5 More importantly, given the enormity of Piso’s physical injuries — near total debilitation — we believe that the challenged medical entry had virtually no evi-dentiary weight, and, thus, its exclusion was not reversible error. Weirton contends that the statement was relevant to show that Piso’s rehabilitation might be impaired by his drinking “habit.” Any significance of such an allegation pales when one considers the obvious source of any difficulty that Piso has experienced in attempting to rehabilitate himself — the loss of an arm, a leg, and a thumb on his remaining hand.*526 Third, Weirton contends that in its charge the court erroneously referred to Piso as “totally and permanently disabled” because “this issue was not properly supported of record.”If the evidence so warrants, a court may instruct a jury that they may award damages for permanent disability. Comey v. The Philadelphia Traction Co., 175 Pa. 133, 34 A. 621 (1896). Further, permanent disability has been defined as the inability to perform any of the duties of any occupation which the plaintiff might be ordinarily capable of performing. Moscowitz v. Prudential Insurance Co., 154 Pa. Superior Ct. 362, 35 A. 2d 567 (1944). A person permanently disabled need not be a bedridden invalid. Pearlman v. Metropolitan Life Insurance Co., 336 Pa. 444, 9 A. 2d 432 (1939).

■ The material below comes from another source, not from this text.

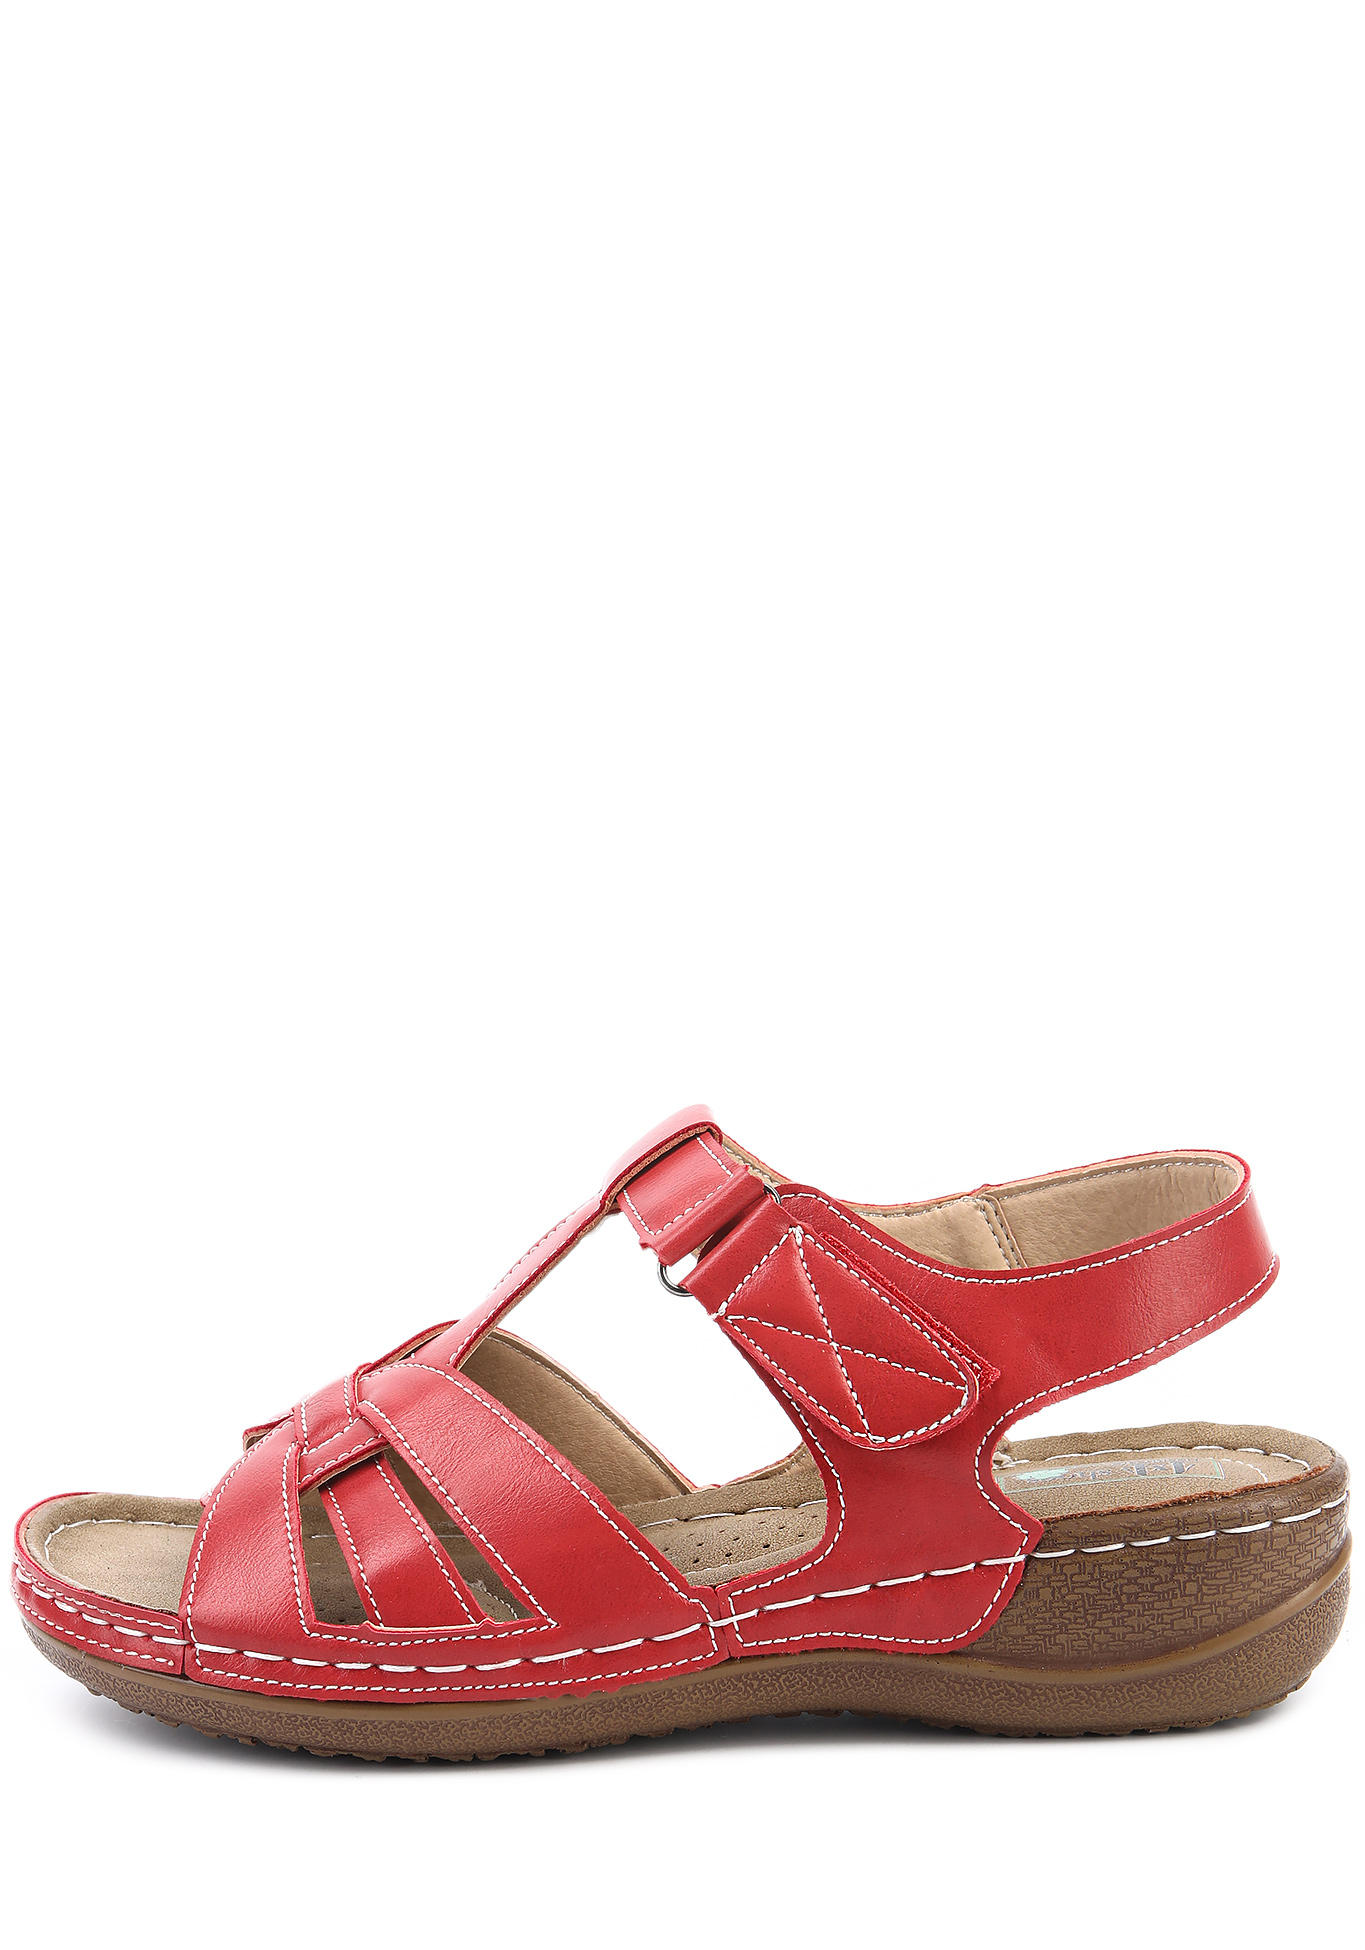 Босоножки женские "Фирсис" 4x4 shoes, размер 37, цвет красный - фото 8

We agree with the lower court’s opinion that Weir-ton’s argument on this point is “naive and incredible.” Piso’s physical injuries are massive, permanent, and debilitating. He does not even have a complete hand with which to write or with which to manipulate even the most simple tool. Further, both of Piso’s doctors testified that they knew of no job which Piso was now suited to perform. Dr. Covalt was part of a rehabilitation team in the NYU facility which, in the doctor’s words, “could not put a finger on a job that he might do.” In addition, any future educational possibilities were viewed as unrealistic. In light of such overwhelming testimony and the absence of proof that some employment was reasonably within Piso’s capability, we find no reversible error in the lower court’s charge.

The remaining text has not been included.